Forderungshöhe laut Vollstreckungsbescheid 06.2012 813,09€
Forderungshöhe laut Anschreiben des Inkassounternehmens 17.09.2012 867,94€
Forderungshöhe laut Anschreiben des Inkassounternehmens 28.09.2012 916,89€
Ratenzahlungsvereinbarung 10.10.2012
Erste gezahlte Rate 01.11.2012 55,56€
Schreiben des Inkassounternehmens (Auszug siehe unten) 08.11.2012
Pfändungs- und Überweisungsbeschluss 11.10.2012 916,72€

nach der letzten Korrespondenz erklären wir uns in dieser angelegenheit unter Würdigung der dargestellten finanziellen Schwierigkeiten damit einverstanden, dass die aktuelle Gesamtforderung zum Vorgang xx in Höhe von 984,99 EUR zuzüglich künftiger Nebenforderungen (Zinsen etc.) durch monatliche Raten von 55,56 EUR beginnend mit dem 05.12.2012 ausgeglichen wird.
Für diese Vereinbarung ist eine Abschlussgebühr von 117,00€ entstanden, die bereits im o.g.
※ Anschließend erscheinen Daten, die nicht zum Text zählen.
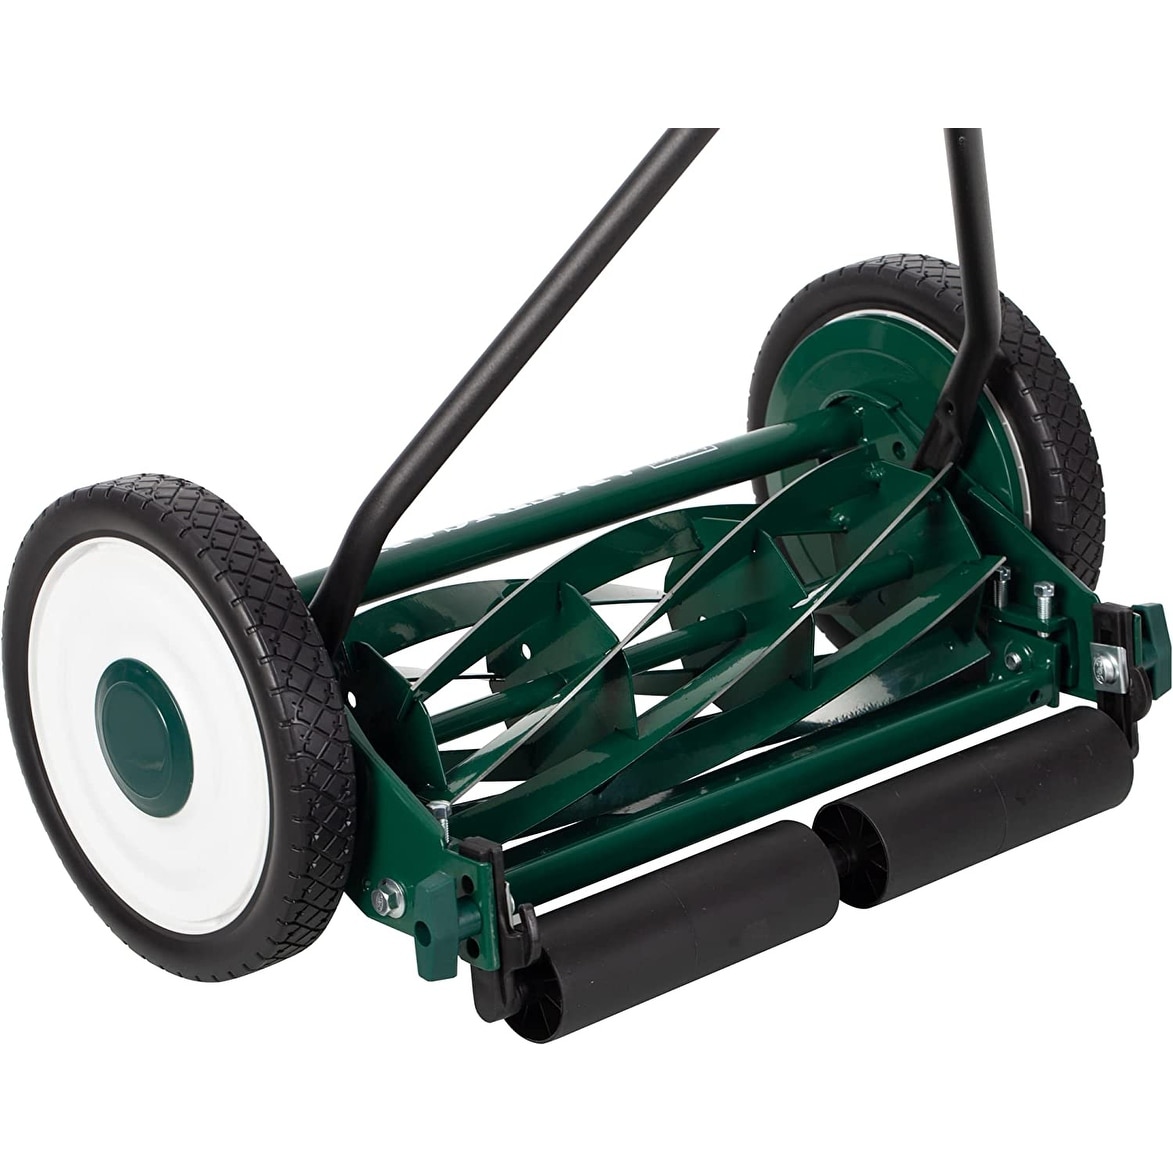 American Lawn Mower 16 Manual Reel Mower – American Lawn Mower Co

Gesamtbetrag enthalten ist. Unsere Mandantin verzichtet auf die weitere Geltendmachung einer Restforderung in höhe dieser Abschlußgebühr, wenn die Gutschriften der vorherigen Raten pünklich erfolgen und der geforderte Zahlbetrag im Übrigen bis zum 04.04.2013 vollständig bei uns eingegangen ist.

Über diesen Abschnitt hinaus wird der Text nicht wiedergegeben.